The Animal That Therefore I Am
- Cover of the first English-language edition
- Author: Jacques Derrida
- Original title: L'animal que donc je suis
- Translator: David Wills
- Language: French
- Subject: Philosophy
- Publisher: Éditions Galilée, Fordham University Press (English translation)
- Publication date: 2006
- Publication place: France
- Published in English: 2008
- Media type: Print
- Pages: 176 (English translation with translator's notes)
- ISBN: 978-0-8232-2791-4 (English-language edition)

= The Animal That Therefore I Am =

Book by Jacques Derrida

The Animal That Therefore I Am (L'Animal que donc je suis) is a book based on the ten-hour address on the subject of "the autobiographical animal" given by the French philosopher Jacques Derrida at the 1997 Cerisy Conference and subsequently published as a long essay under the title, "The Animal That Therefore I Am (More To Follow)". The book has gained notability as signalling Derrida's turn to questions surrounding the ontology of nonhuman animals, the ethics of animal slaughter and the difference between humans and other animals. Derrida's lecture has come to be a foundational text in animal studies within the fields of literary criticism and critical theory. Whilst the text is often seen as marking the "animal turn" in Derrida's oeuvre, Derrida himself said that his interest in animals was in fact present in his earliest writings.

==Publication==
The address was first partially published in English in the Winter 2002 issue of the journal Critical Inquiry. In 2008 it was republished in a book entitled The Animal That Therefore I Am, which reprinted the address along with an essay entitled "And Say The Animal Responded", and two previously unpublished essays. All of the essays were taken from Derrida's various addresses at the 1997 Cerisy conference.

==Critical responses==
Tobias Menely suggests that "Derrida is straining after something that is unusually difficult for him to conceptualize", namely the question of pathos that binds the human and nonhuman animal. Menely, in his analysis of Derrida's argument, positions Derrida in a tradition of thinkers that include Thomas More and Jeremy Bentham who, according to Menely, elide the question of the ways in which suffering might be equivocal between species and instead turn to "creaturely passion" for an account of animal ontology.

Donna Haraway in When Species Meet praises Derrida for understanding "that actual animals look back at actual human beings", yet, crucially does not "seriously consider an alternative form of knowing something more about cats and how to look back, perhaps even scientifically, biologically, and therefore also philosophically and intimately." Although largely complimentary of his attempt to address the question of the animal, Haraway surmises that Derrida "failed a simple obligation of companionship" to the specific animal other.

==Derrida and the animal==
As Derrida himself notes, the question of the animal and animality has been a concern within his writing long before the 1997 Cerisy Conference.
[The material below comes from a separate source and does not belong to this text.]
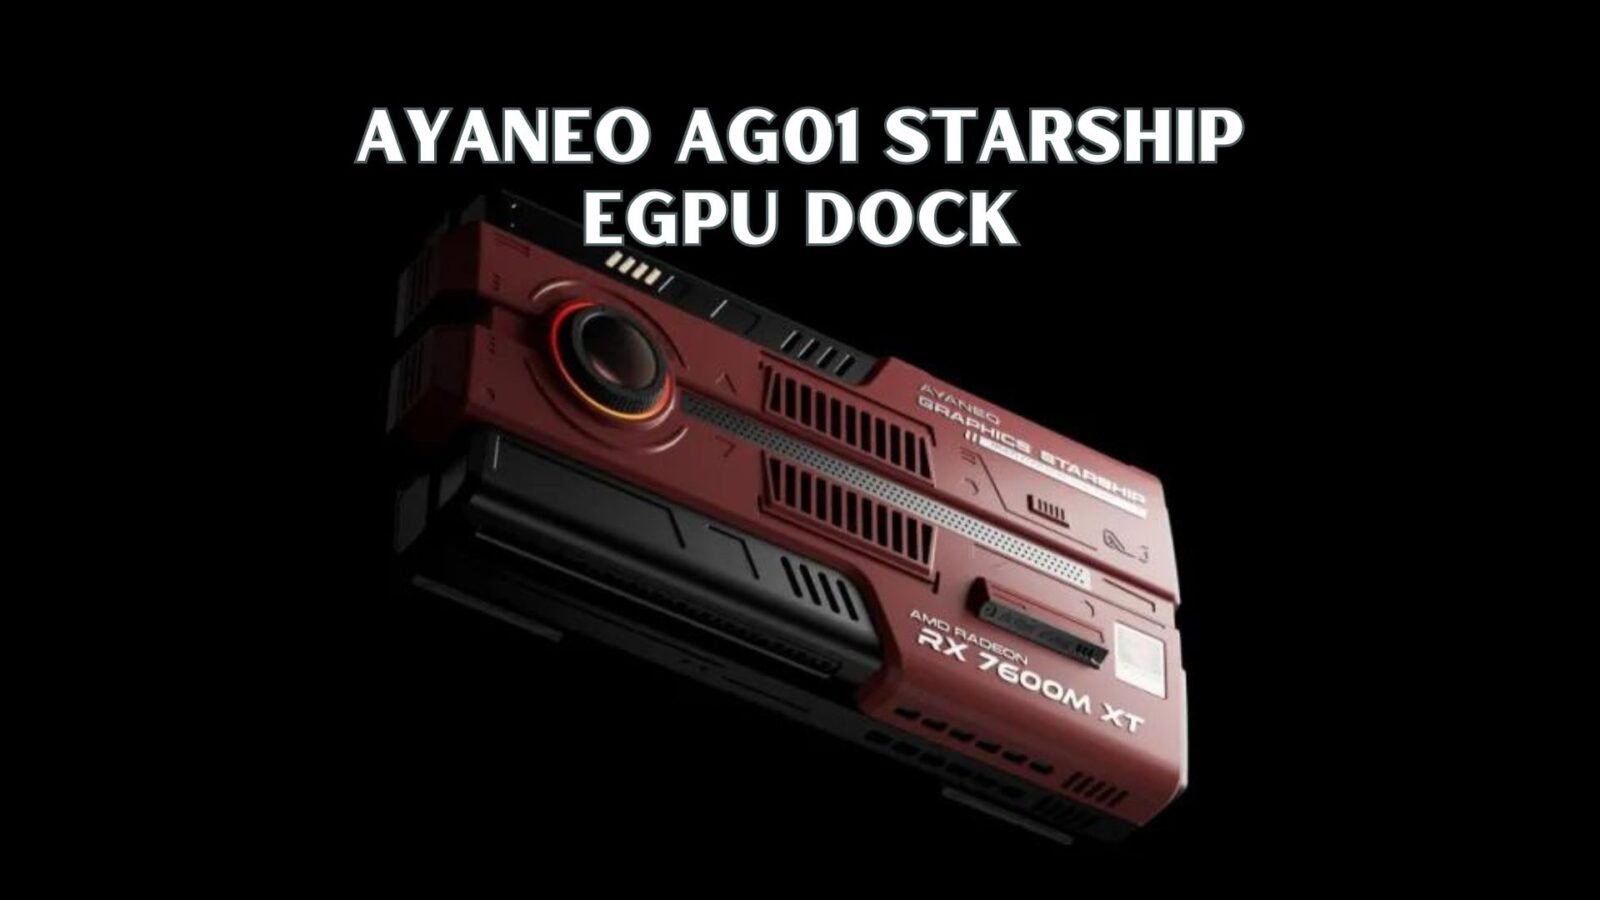 AYANEO AG01 Starship eGPU dock announced
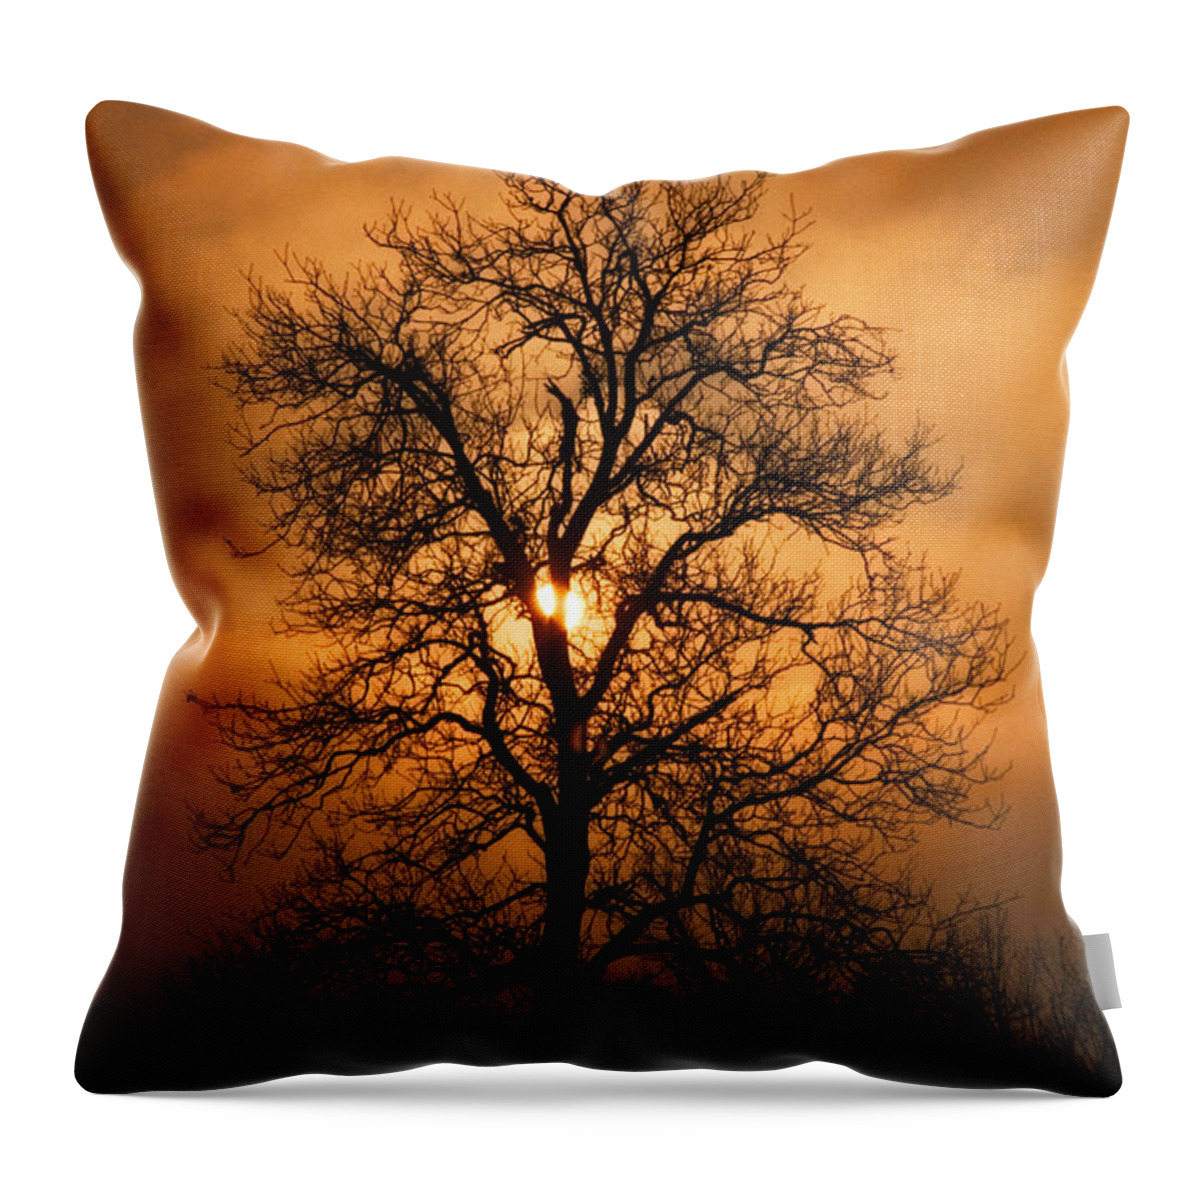 Art Throw Pillow featuring the photograph Oak Tree Sunburst by Michael Dougherty

Most notably, Derrida talks about the animality of the letter in Writing and Difference (1967), Heidegger's pronouncement on the animal being "poor in world" in Of Spirit (1989) and, in an interview with Jean-Luc Nancy entitled "Eating Well, or the Calculation of the Subject" (1989), Derrida discusses the ethics of eating meat. Derrida's final seminars, from 2001 to 2003, extensively discuss animals and animality, and were posthumously published in two volumes under the title The Beast and the Sovereign.

==In film==
Jean-Luc Godard's 2014 experimental essay film Goodbye to Language (Adieu au Langage) quotes from The Animal That Therefore I Am several times.

In an early scene from Michael Mann's 2015 action thriller Blackhat, The Animal That Therefore I Am can be seen on the prison-cell bookshelf of protagonist Nicholas Hathaway, a convicted hacker played by Chris Hemsworth.